Au fur et à mesure de la croissance, les besoins personnels des jeunes évoluent, induisant la nécessité d’une adaptation des soins médicaux à leur âge. Le processus de transition des soins pédiatriques aux soins adultes est nécessaire et important dans la vie de tout adolescent ou jeune adulte, et plus spécialement dans le cas de ceux souffrant d’une affection chronique.1
La transition est définie comme un processus organisé et coordonné vers le système de santé adulte dont le but est d’optimiser la santé et faire en sorte que chaque jeune atteigne son potentiel maximum.2,3 La transition coïncide également avec le passage de l’enfance à l’âge adulte, de la dépendance à l’indépendance, de l’école à l’emploi.4-6 Il faut la différencier du transfert qui est un fait soudain, fréquemment arbitraire, où le patient est transféré des soins pédiatriques aux soins adultes avec seulement une information sur le transfert. Le transfert ne représente donc en réalité qu’une partie de la transition.4-7 Bien qu’il soit une étape majeure dans la vie des jeunes atteints de maladies chroniques, le passage vers le système de santé adulte est souvent mal ou pas organisé,4,8 se limitant souvent, dans le meilleur des cas, à un simple transfert.
Le passage aux soins adultes peut être mal vécu par les adolescents en général, et en particulier par ceux souffrant de maladies chroniques. Par ailleurs, il n’est malheureusement pas rare de constater, une fois le suivi pédiatrique interrompu, une rupture avec tout système de santé, les adolescents/jeunes adultes n’ayant plus de médecin traitant, les contacts étant le plus souvent limités au service des urgences en cas de crise.5 Par conséquent, de nos jours on ne peut plus se limiter, dans le meilleur des cas, au simple transfert du jeune patient vers les soins adultes ni permettre à des adolescents atteints de maladies chroniques d’être exclus d’un suivi médical.3
Plusieurs barrières au bon déroulement de la transition des soins pédiatriques aux soins adultes ont été identifiées, pouvant être générées par le patient et sa famille, les professionnels de la santé et le système de soins.5,9
Pour le patient et sa famille, le processus de transition marque le plus souvent la fin d’une longue relation de confiance avec l’équipe pédiatrique. Le changement proposé représente l’inconnu et suscite fréquemment beaucoup d’appréhension. Si la transition n’est pas bien préparée et coordonnée, ou si elle survient à un moment inopportun, comme lors d’une période de crise, la transition peut être perçue comme un abandon. Néanmoins, il semble que la résistance au changement du patient et de sa famille ne soit pas le plus important obstacle au bon déroulement de la transition.

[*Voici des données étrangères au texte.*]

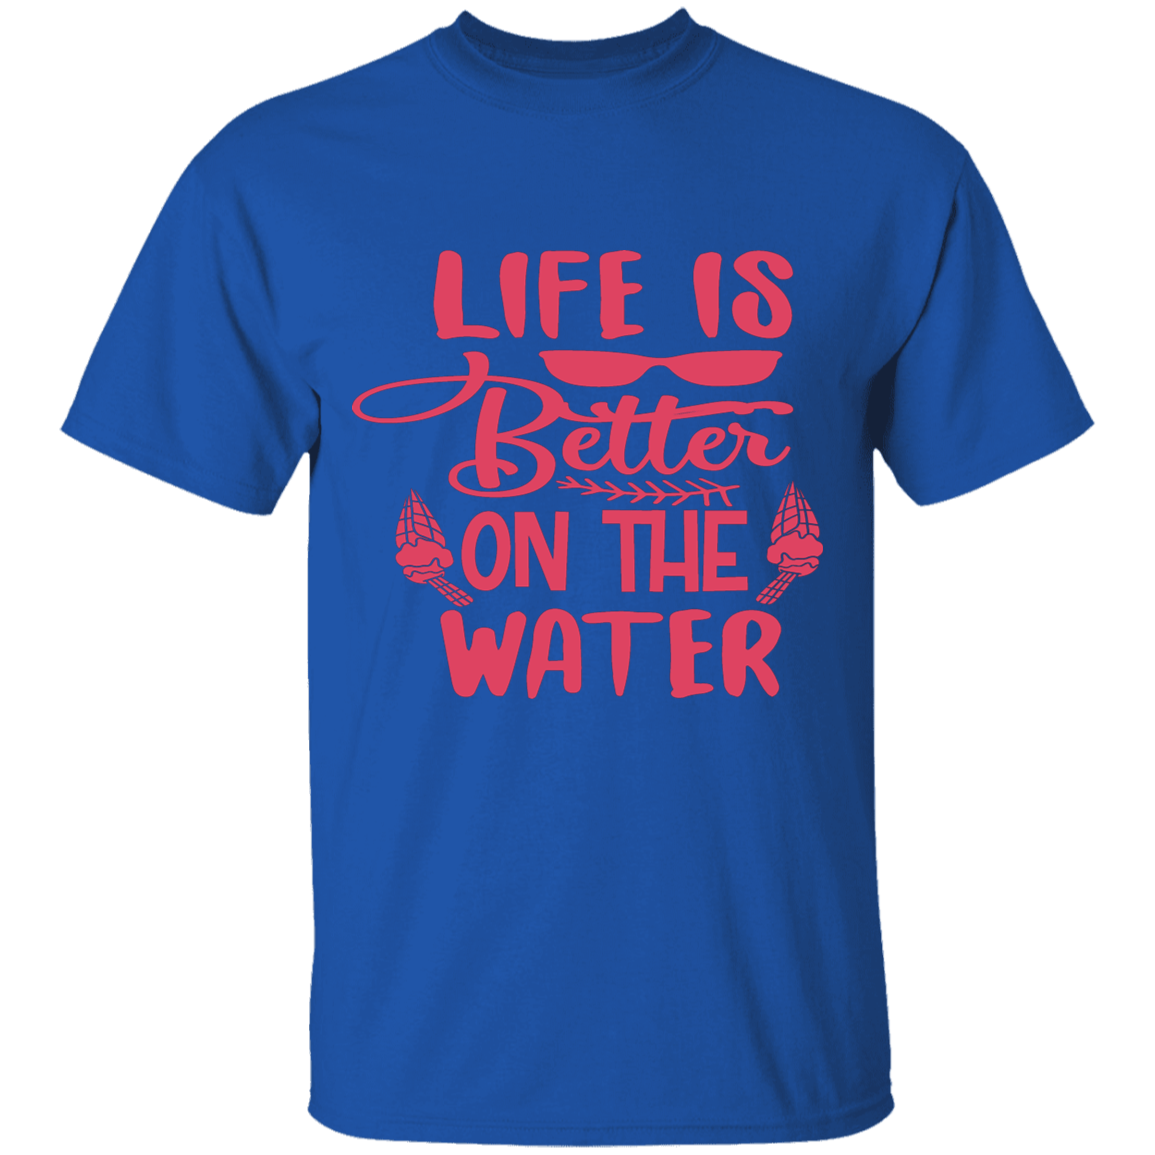 Life's better water T-Shirt (r)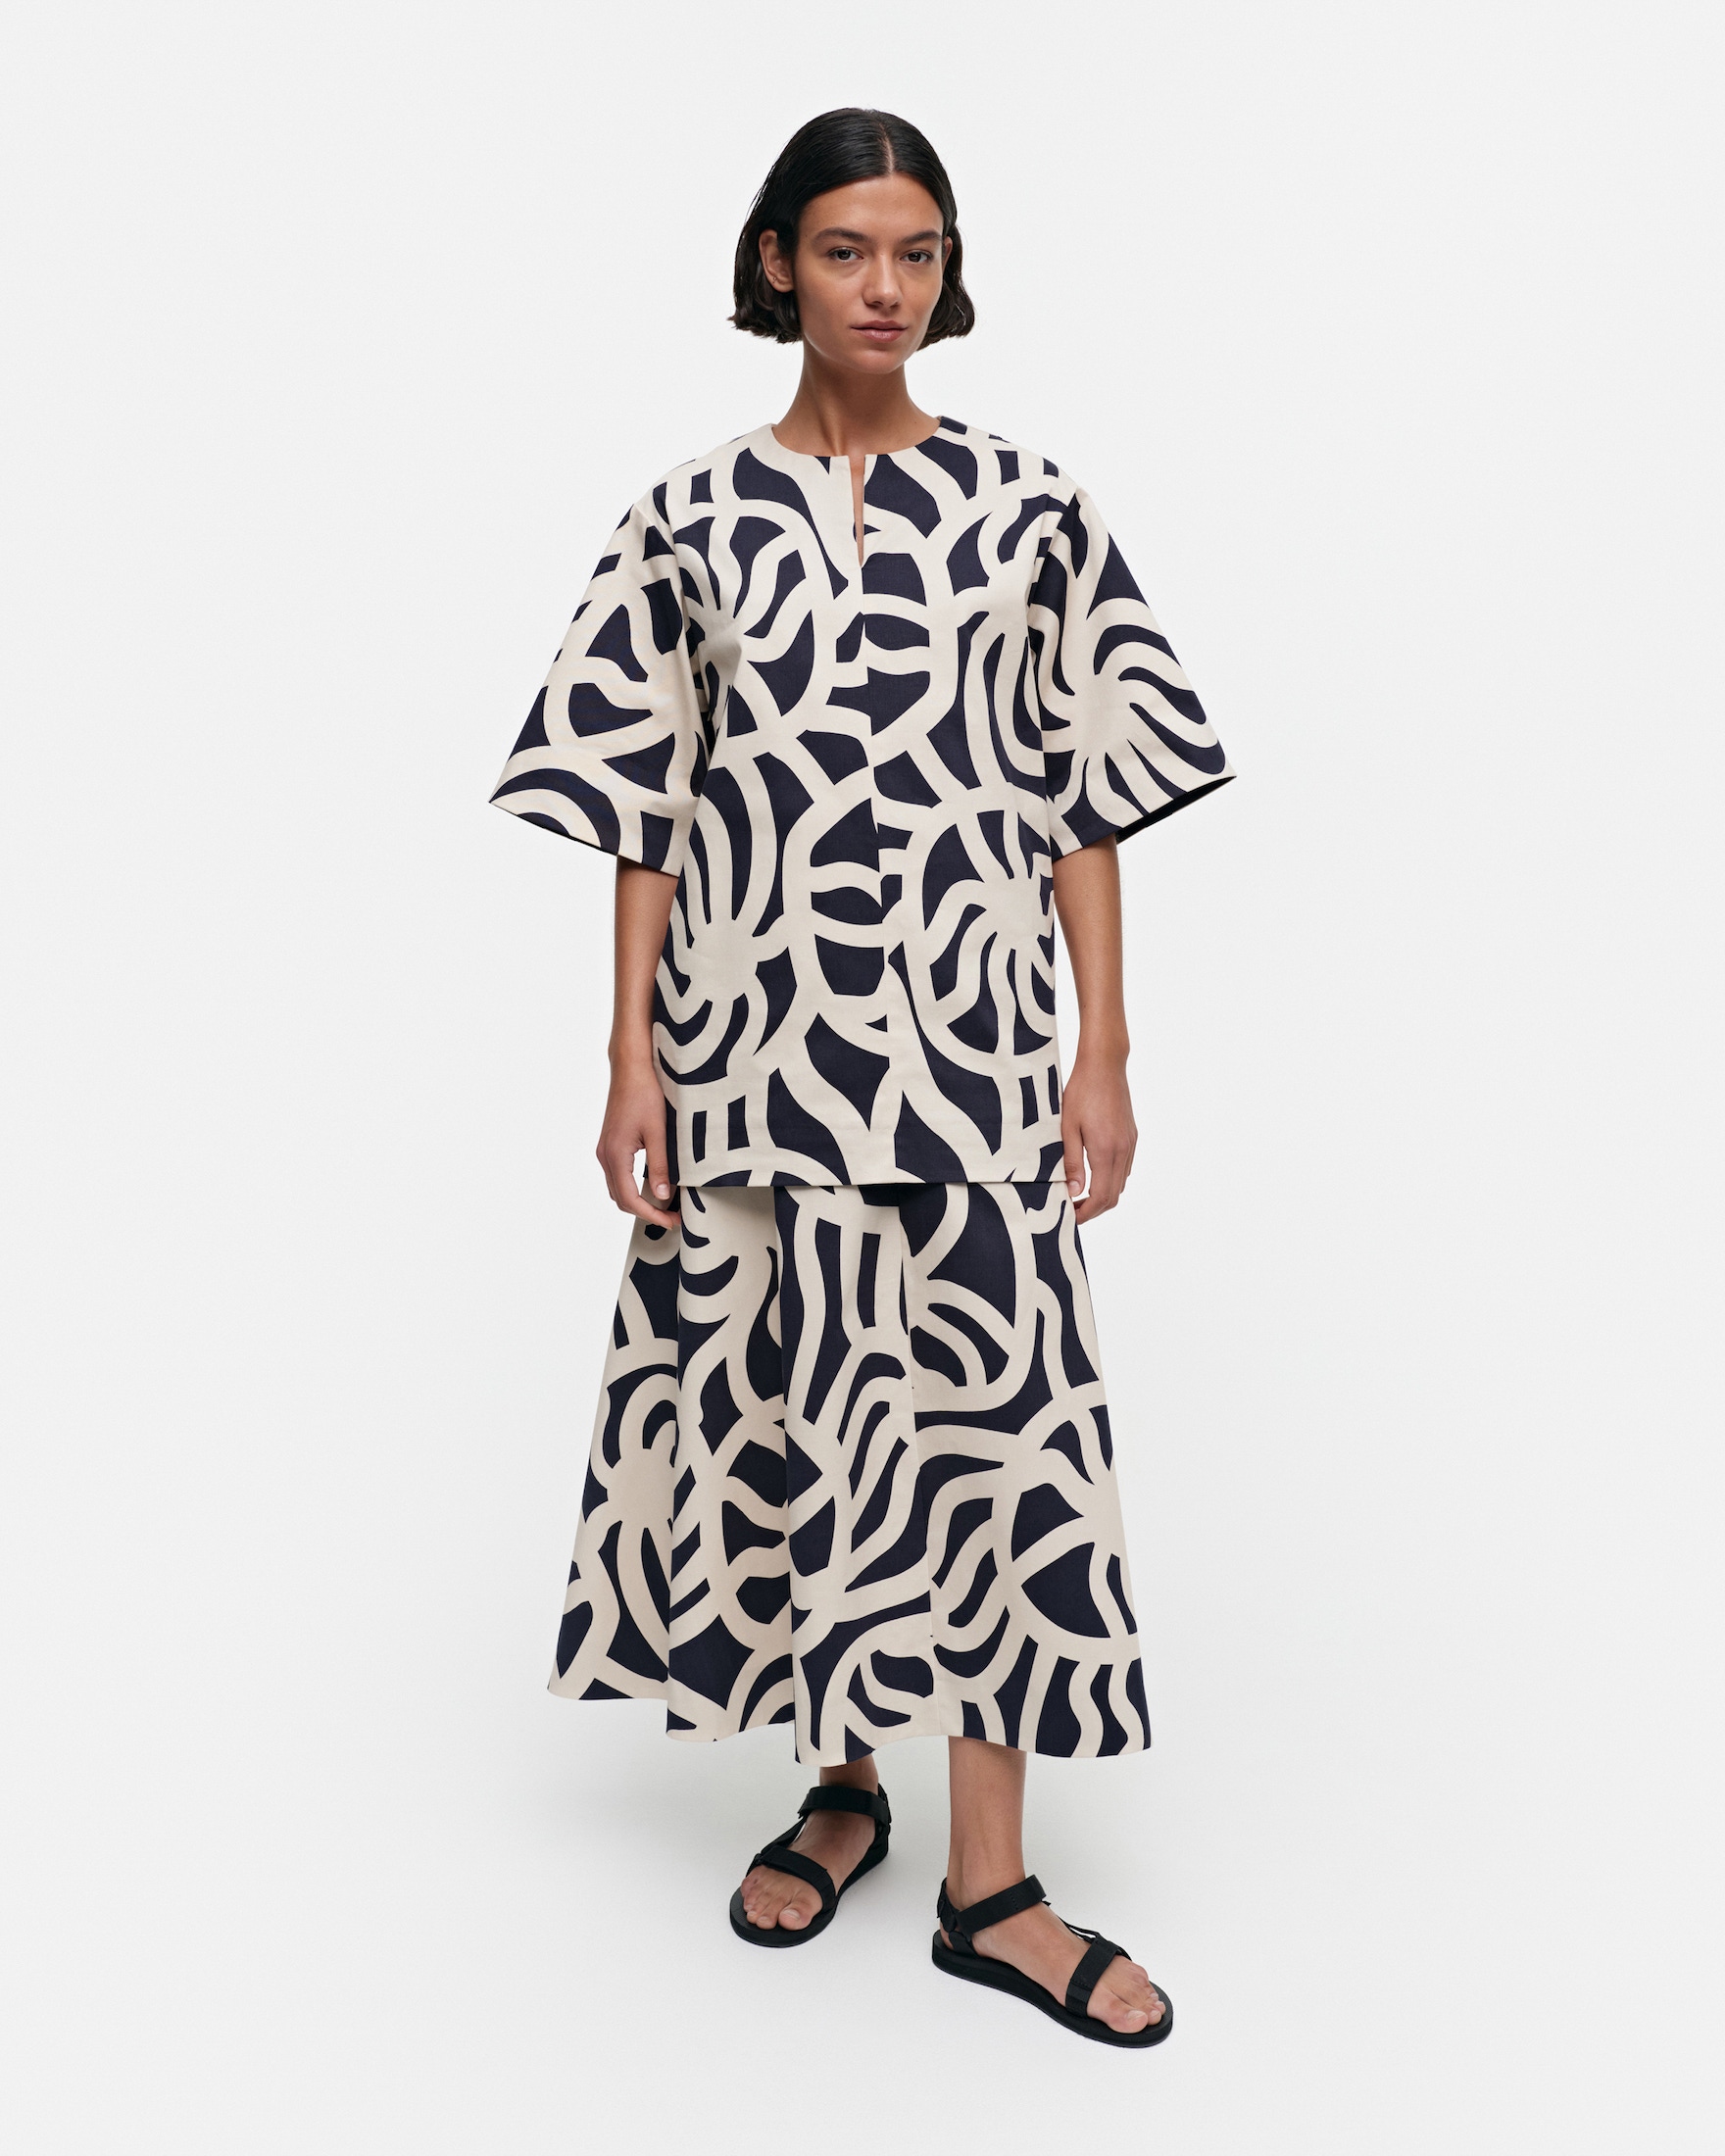 Marimekko Fashion 🇫🇮 Joonas Collection – Spring 2023

L’équipe pédiatrique, en raison de sa longue relation avec le patient et la famille, peut également constituer une entrave. Cette situation se rencontre notamment dans le cas de certaines maladies pédiatriques rares, où le spécialiste et son équipe peuvent avoir le sentiment d’être mieux formés à ce type de pathologies que leurs confrères des soins adultes et, dès lors, avoir de la difficulté à se séparer de leur patient.
Dans le système de soins adultes, certains soignants peuvent se montrer réticents à prendre en charge des jeunes adultes atteints de maladies chroniques. En effet, certains spécialistes adultes peuvent manquer d’expérience et de formation dans la prise en charge de certaines de ces maladies, souvent considérées par le système médical comme exclusivement pédiatriques.
Le système de soins présente aussi certaines barrières liées au manque de moyens financiers, aux limitations du système lui-même, voire au manque d’intérêt pour la tranche d’âges concernée par la transition.
Il est tout de même important de noter qu’aucune de ces barrières n’est insurmontable.
Bien qu’il n’existe pas de recommandations applicables de manière globale afin d’optimiser la transition vers les soins adultes des adolescents souffrant d’affections chroniques,6 plusieurs auteurs ont signalé certains éléments clés (tableau 1).3-8,10-15
Quitter un système de soins familier en qui l’on a confiance, pour un autre, inconnu et dont le niveau de qualité reste encore à découvrir, n’est pas chose facile et peut susciter de l’anxiété et de la méfiance chez le patient et sa famille. Ainsi, la transition doit être annoncée dès le début de l’adolescence et discutée de façon itérative, afin qu’elle soit perçue comme une étape normale du développement. Cette longue préparation permet en outre de disposer l’adolescent et sa famille à la transition et d’évaluer régulièrement les capacités du jeune à franchir le pas, c’est-à-dire à se responsabiliser et prendre en charge lui-même son traitement. Par ailleurs, il est important d’instaurer un plan d’accompagnement permettant de vérifier que le contrôle de l’affection et la qualité de vie ne souffrent pas du changement de système de soins.
Les programmes de soins pour adultes ont souvent des approches bien différentes de celles auxquelles sont habitués les patients pédiatriques. Alors que l’approche pédiatrique est souvent multidisciplinaire, plus directive, orientée vers la famille, et requérant la collaboration et le consentement des parents, les soins adultes sont plutôt gérés par un seul médecin, orientés vers le patient, plus axés sur la recherche et misant sur les capacités d’indépendance et d’autonomie du patient. S’ils ne sont pas préparés à ce fonctionnement différent, tant l’adolescent que sa famille se sentiront perdus, voire négligés dans ce nouveau système. Cette préparation est très probablement la clé de la réussite face à l’anxiété provoquée par le changement.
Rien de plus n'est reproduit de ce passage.